Ugly, Tailing 7 Year Auction Concludes Weekly Issuance Of Treasurys

If yesterday’s large tailing 5 Year paper sale exhibited some curious ESP ahead of the FOMC’s tapering announcement, with a very ugly tail and atrocious internals, then today’s 7 Year was quite aware of what was coming. Which is why it was not surprising that the just concluded sale of $29 billion in belly-buster bonds, once again came with a flopping 2 bps tail, pricing at 2.385% or 2 bps wider of the 2.365% when issued, indicating the hiccups in the auction process continue.

Also of note: the 2.385% closing yield was the highest since June 2011, while the Bid to Cover, despite posting a modest bounce from last month’s 2.36 to 2.45, has continued the downward trend confirming a notable split in demand for auctions: everything to the left of 5/7 Year is being bid up without failure (due to its assumed “money-good” nature and promises of ZIRP into 2016 and further), while the 7 Year and onward are increasingly starting to spook investors.
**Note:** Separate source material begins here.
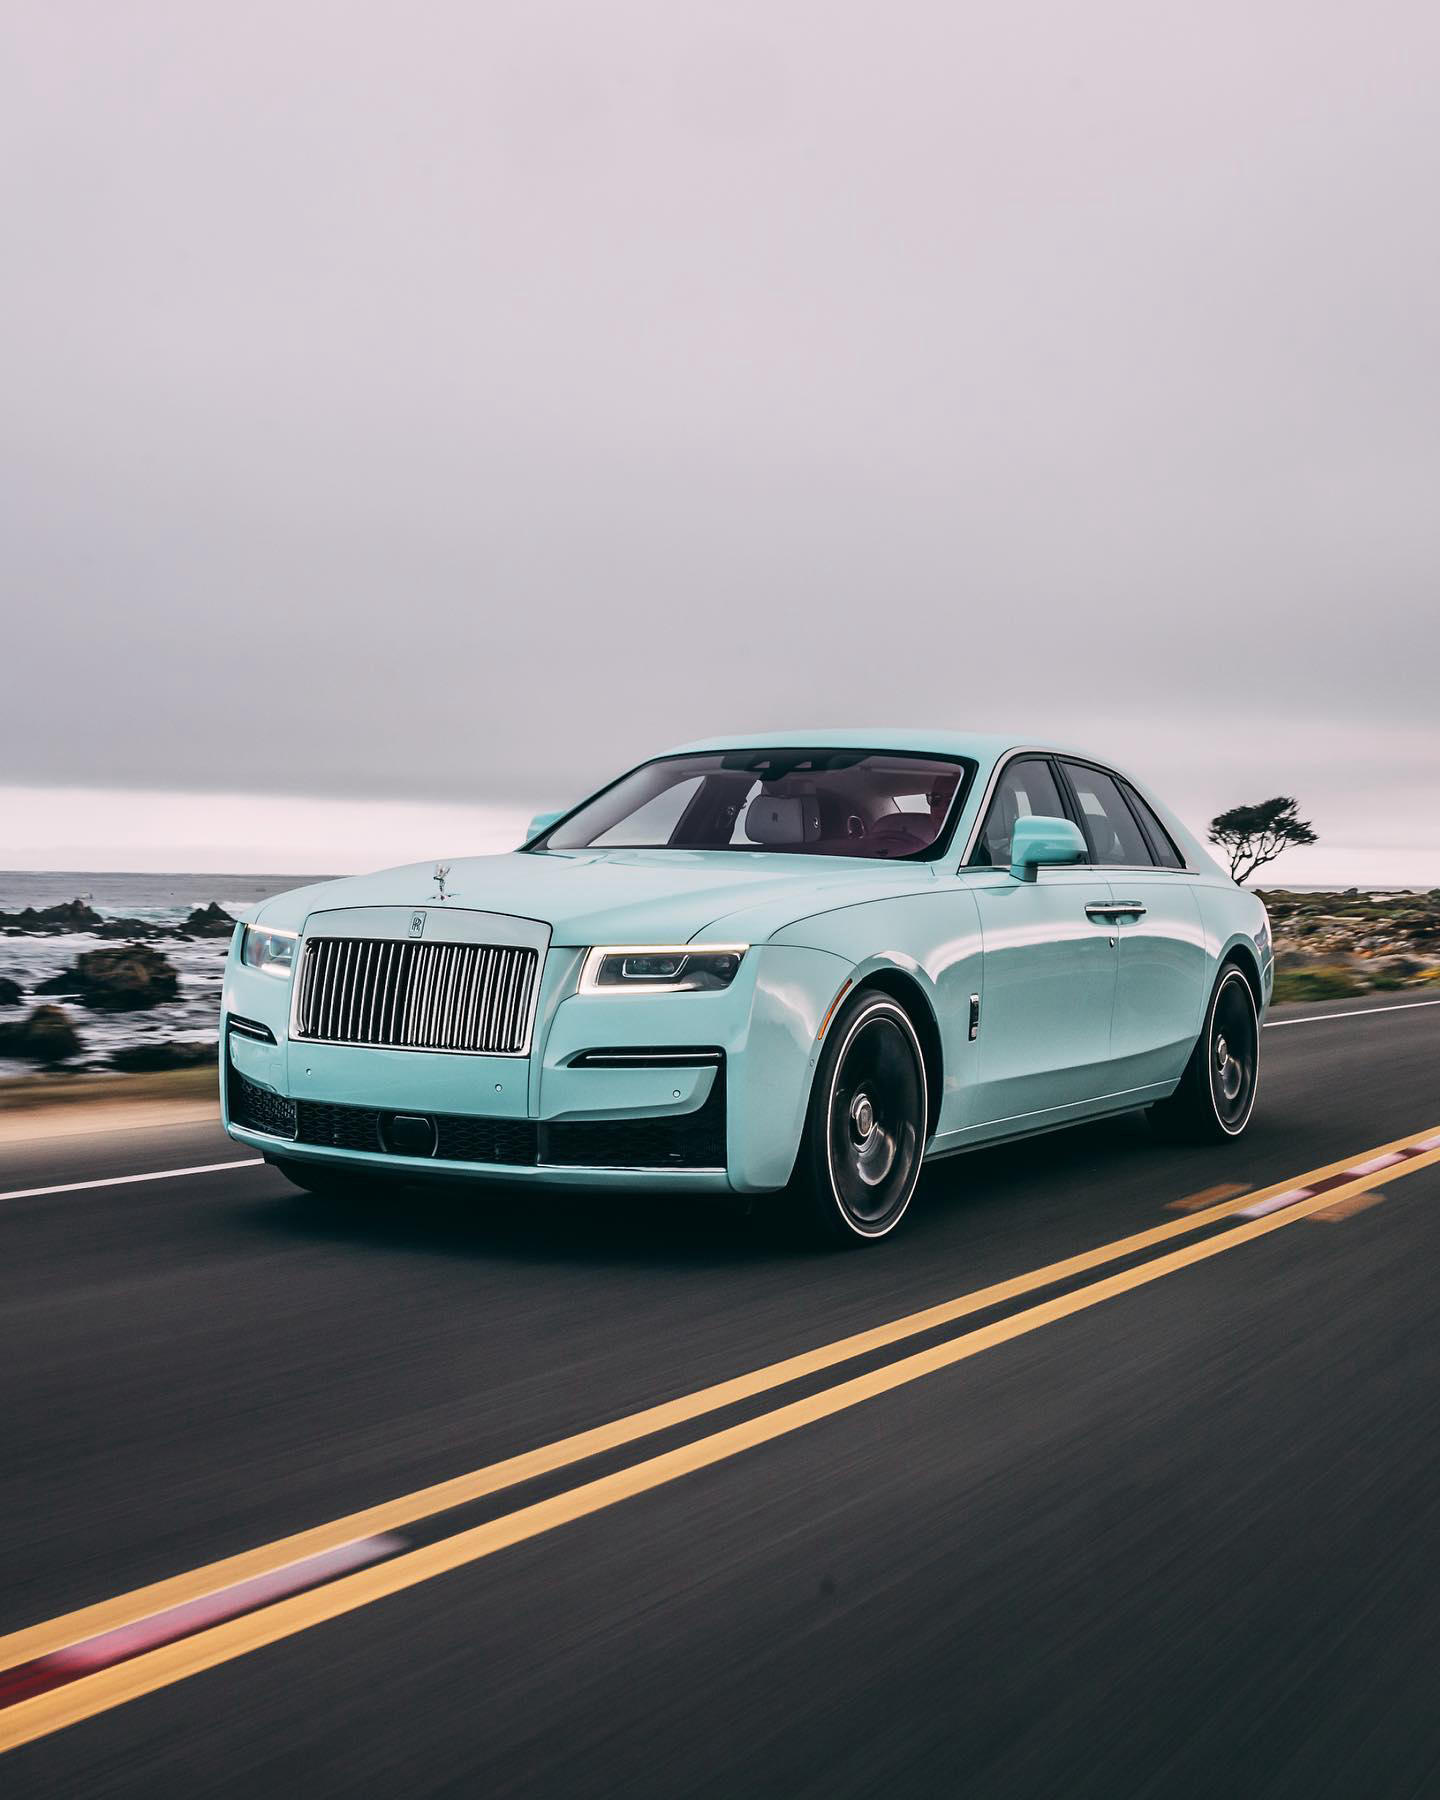 image  1 Rolls-Royce Motor Cars - Revealed during Monterey Car Week, this #Bespoke #RollsRoyceGhost from the
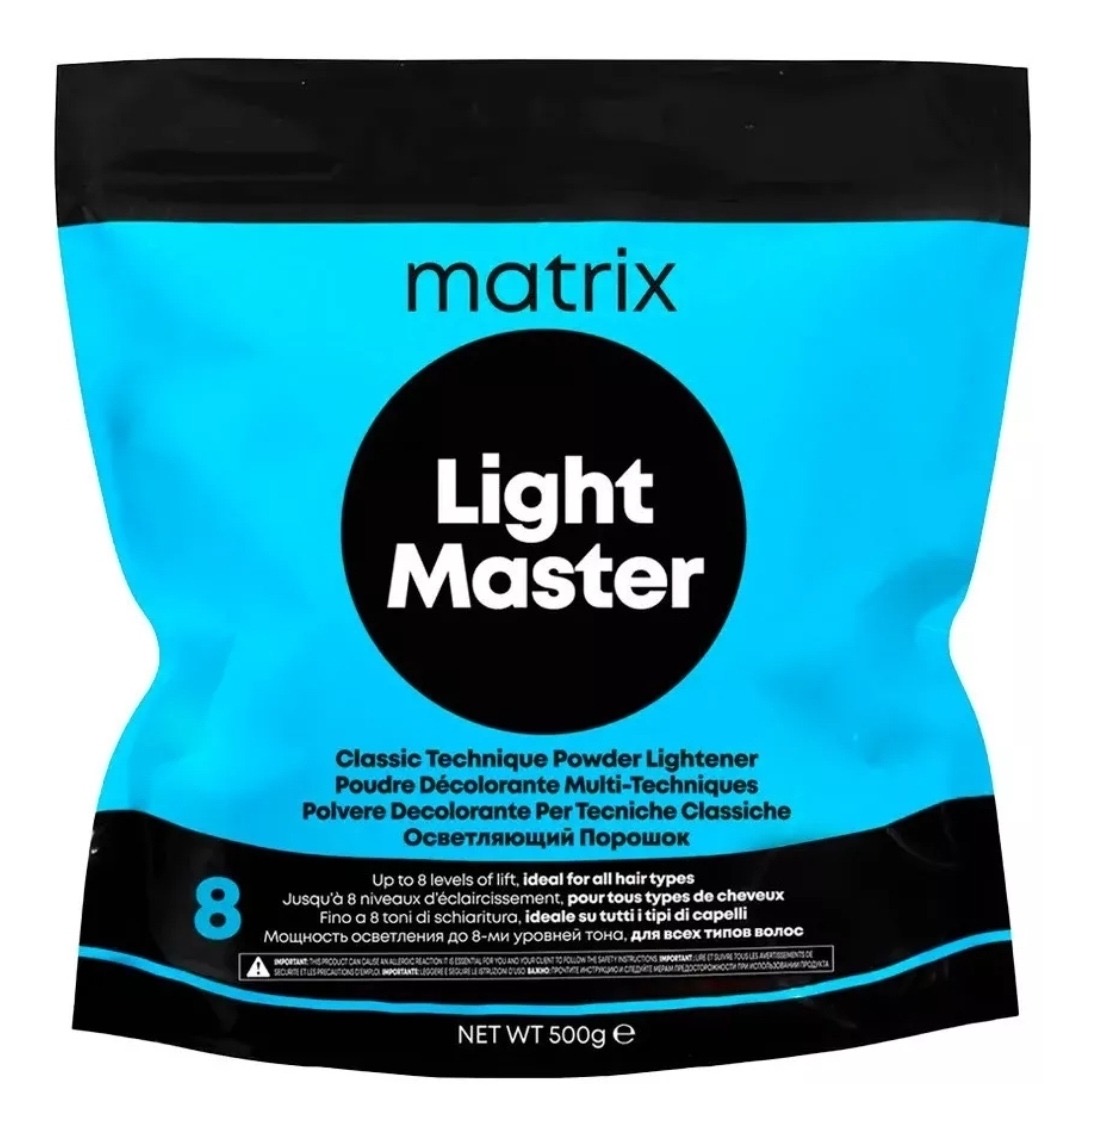 Decolorante Matrix Light Master 500g

Finally, the internals showed that while Directs took down less than the TTM average of 19.5% at 17.1%, this was offset modestly by a pick up in Indirect bidders who took down 41.74% of the auction, leaving 41.2% to dealers.

Bottom line: if indeed the Fed continues to taper at $10 billion/meeting (it won’t), expect to see the high yield to keep rising every higher in order to find the required buyers now that the Fed – at least superficially – is stepping away.